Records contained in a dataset
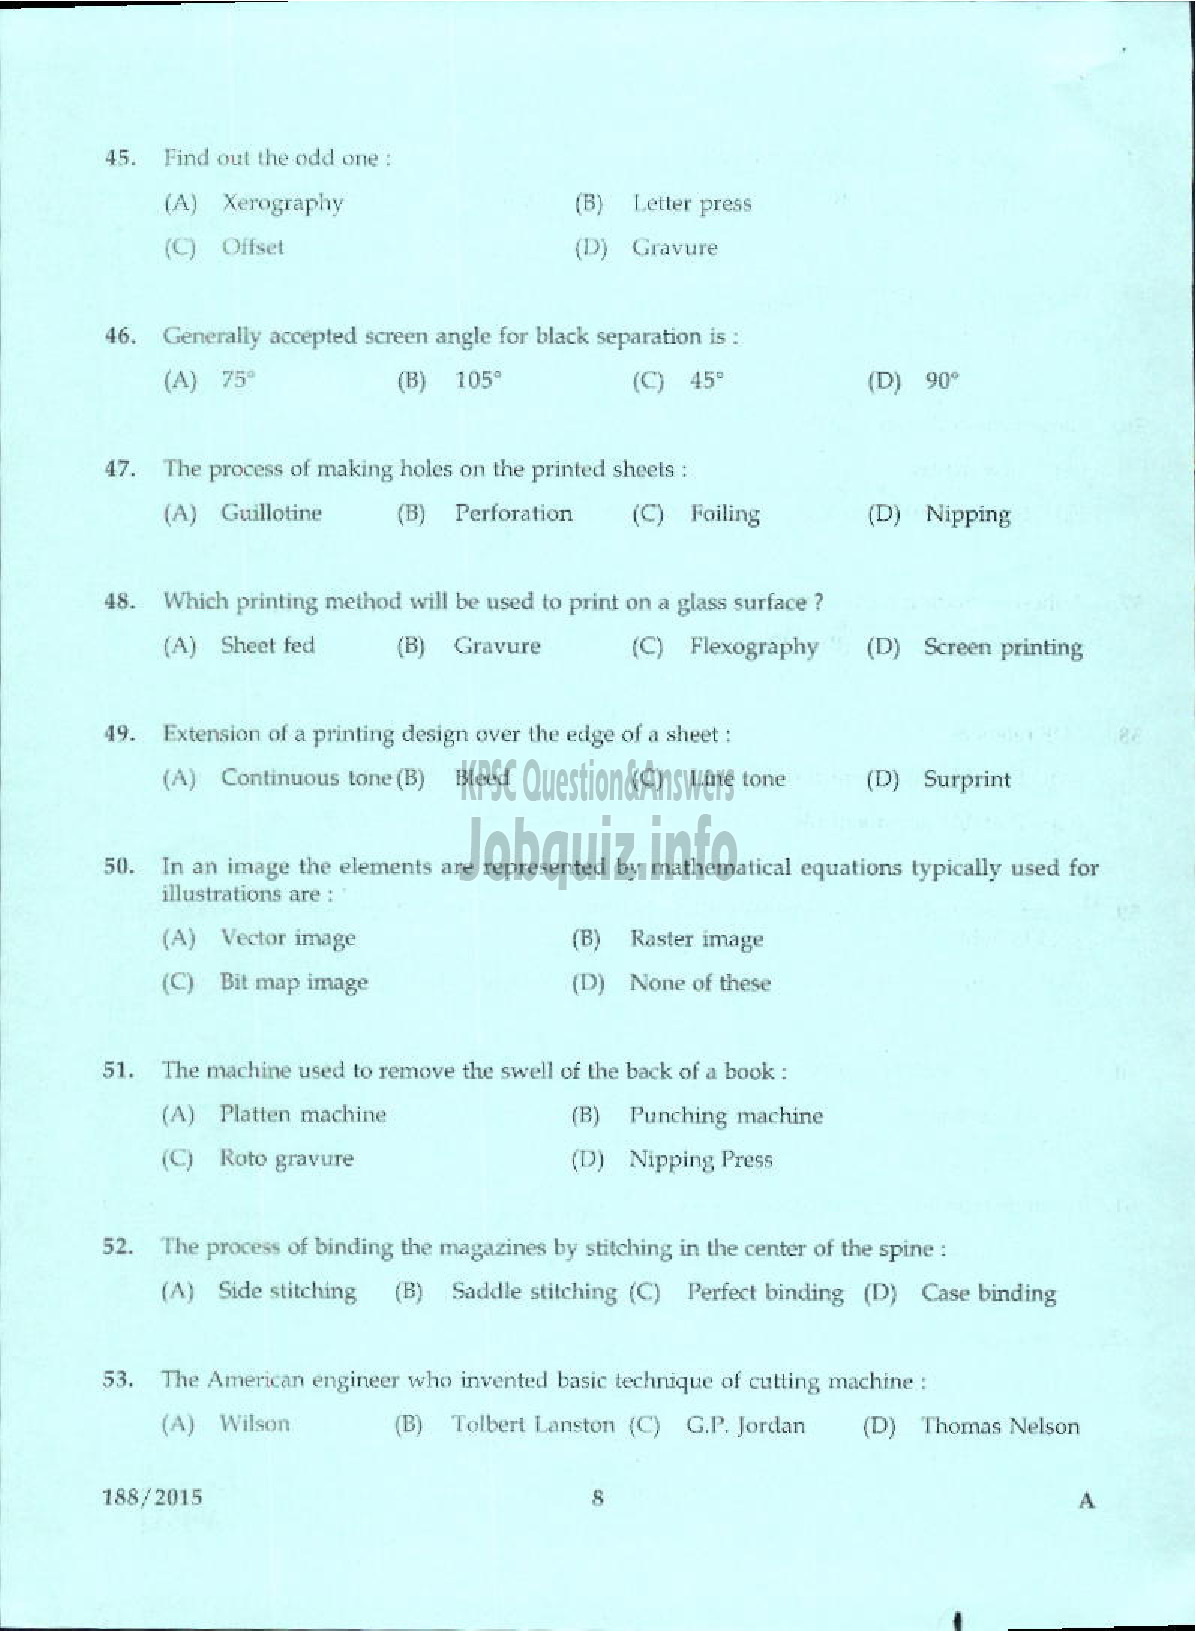 Kerala PSC Question Paper - LABORATORY TECHNICAL ASSISTANT PRINTING TECHNOLOGY VHSE-6
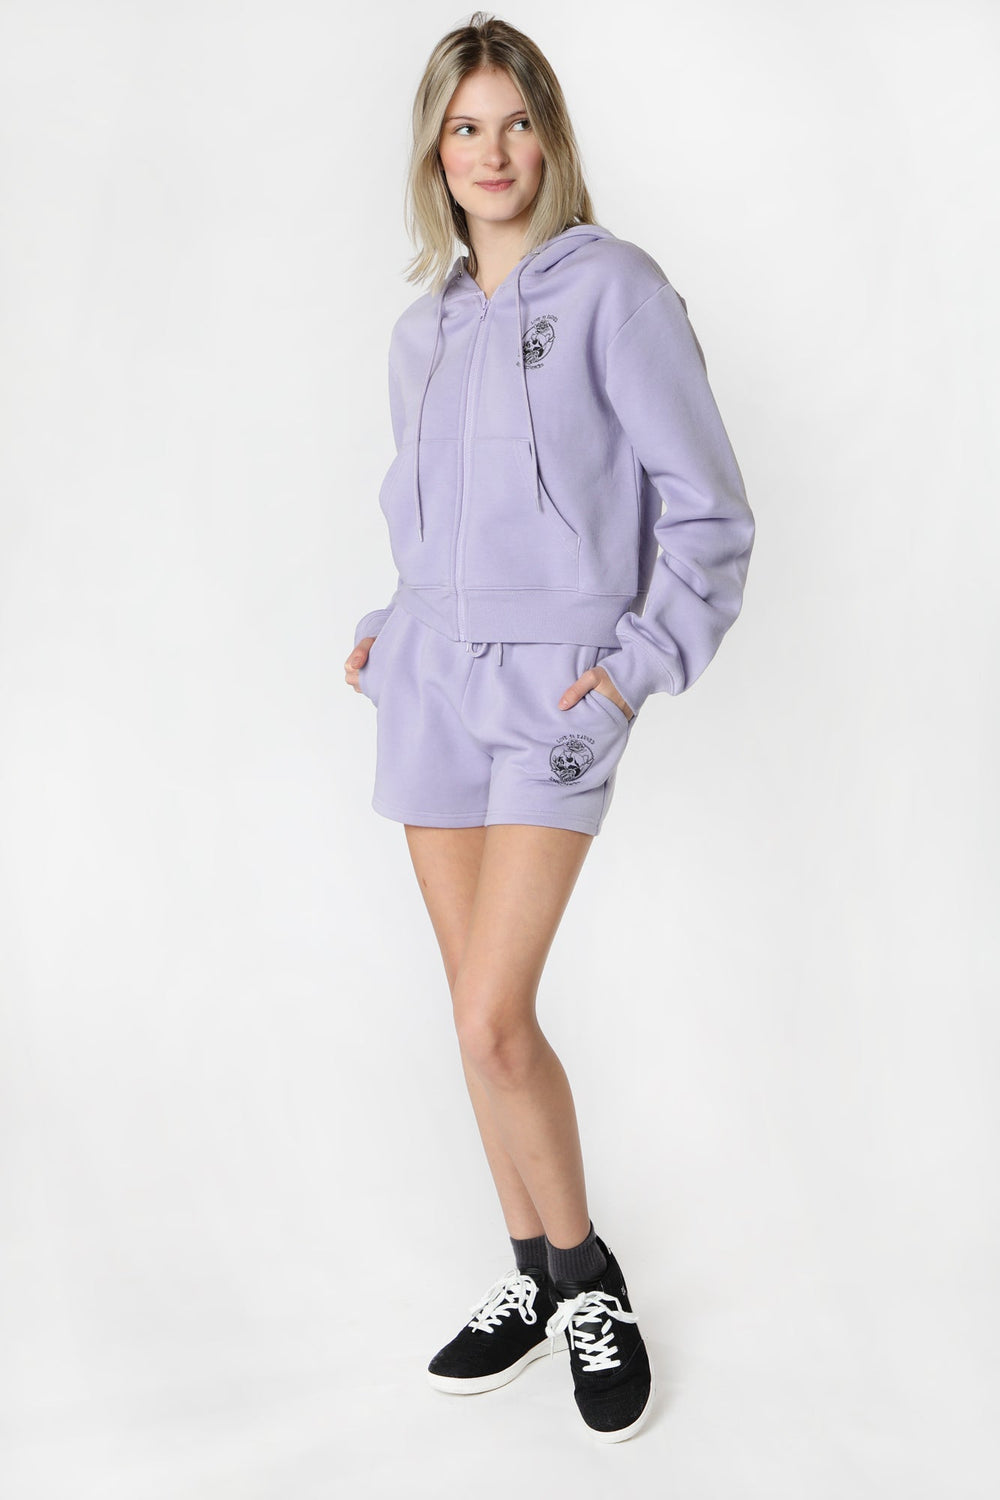 Womens Sovrn Voices Lilac Basic Fleece Shorts Womens Sovrn Voices Lilac Basic Fleece Shorts
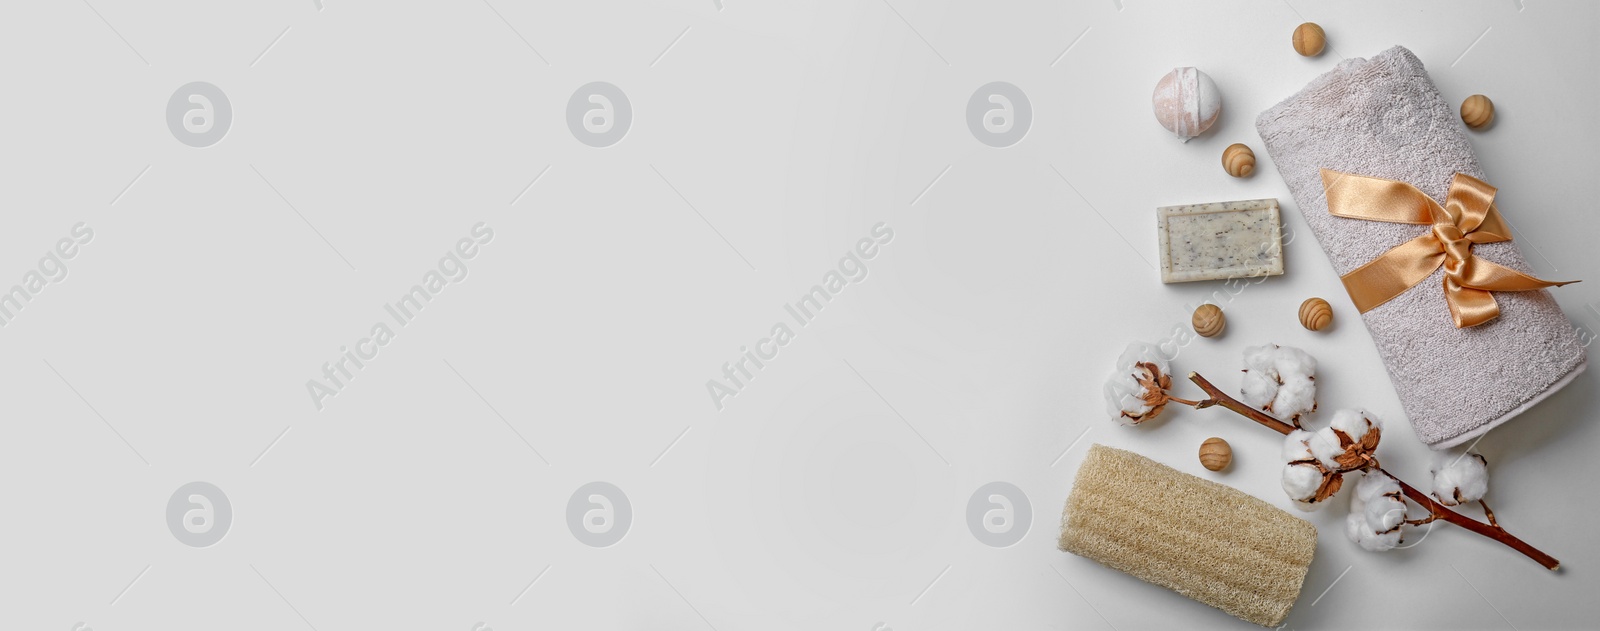 Image of Flat lay composition with towel and toiletries on light background, space for text. Banner design
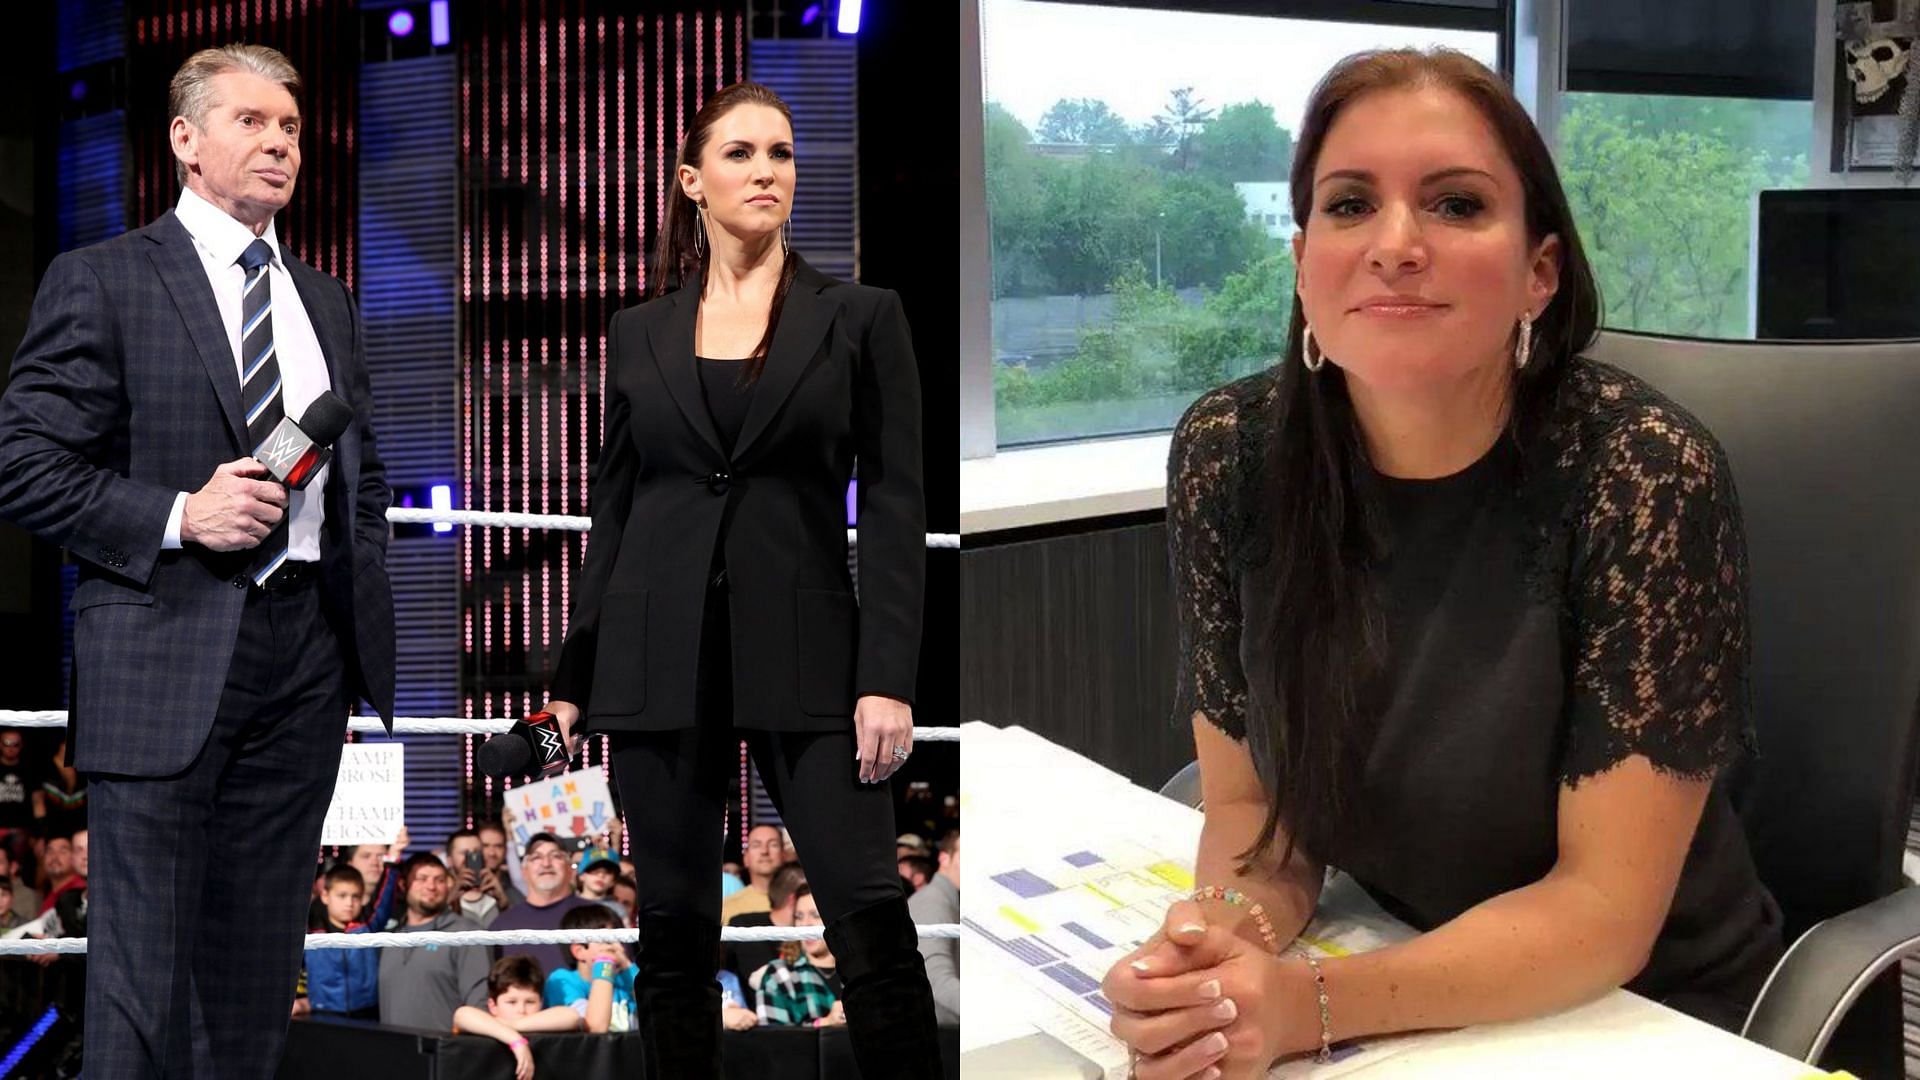 Stephanie McMahon worked in several positions in WWE
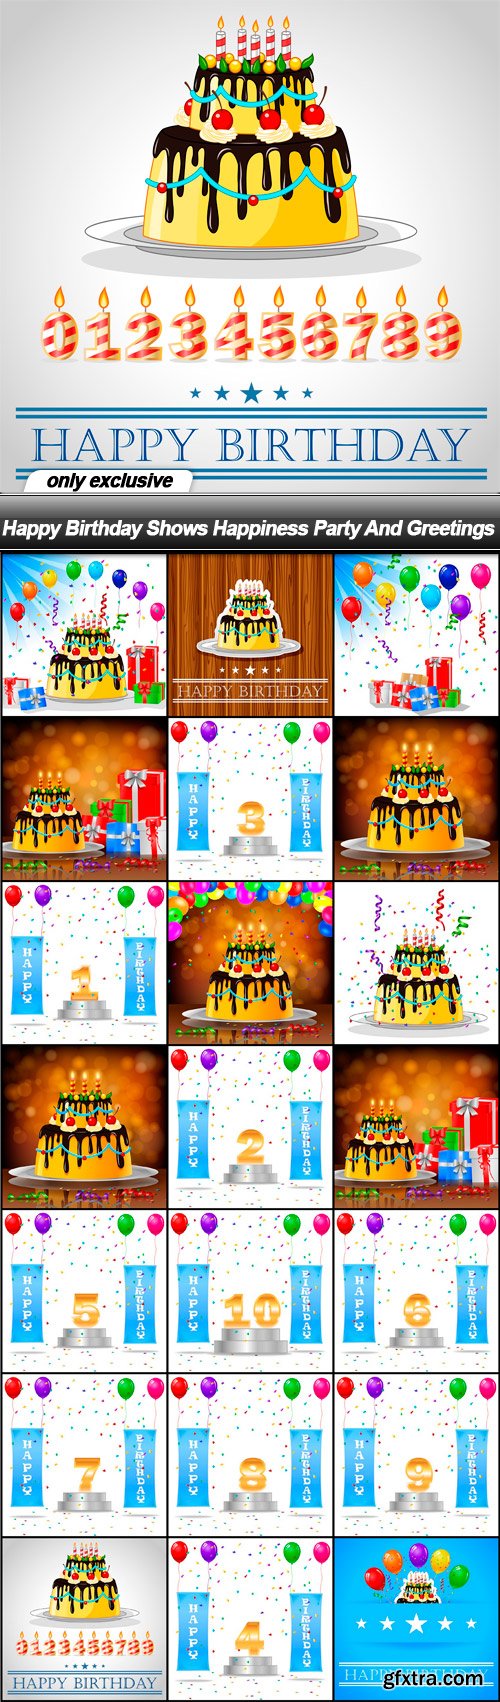 Happy Birthday Shows Happiness Party And Greetings - 21 EPS

**Exercise description:**
Word for word, restate the lines from the one containing "Image of Flat" through the end of the entries. Do not include pictures.

**Worked solution:**
 Image of Flat lay composition with towel and toiletries on light background, space for text. Banner design
 Stephanie McMahon worked in several positions in WWE
 Happy Birthday Shows Happiness Party And Greetings - 21 EPS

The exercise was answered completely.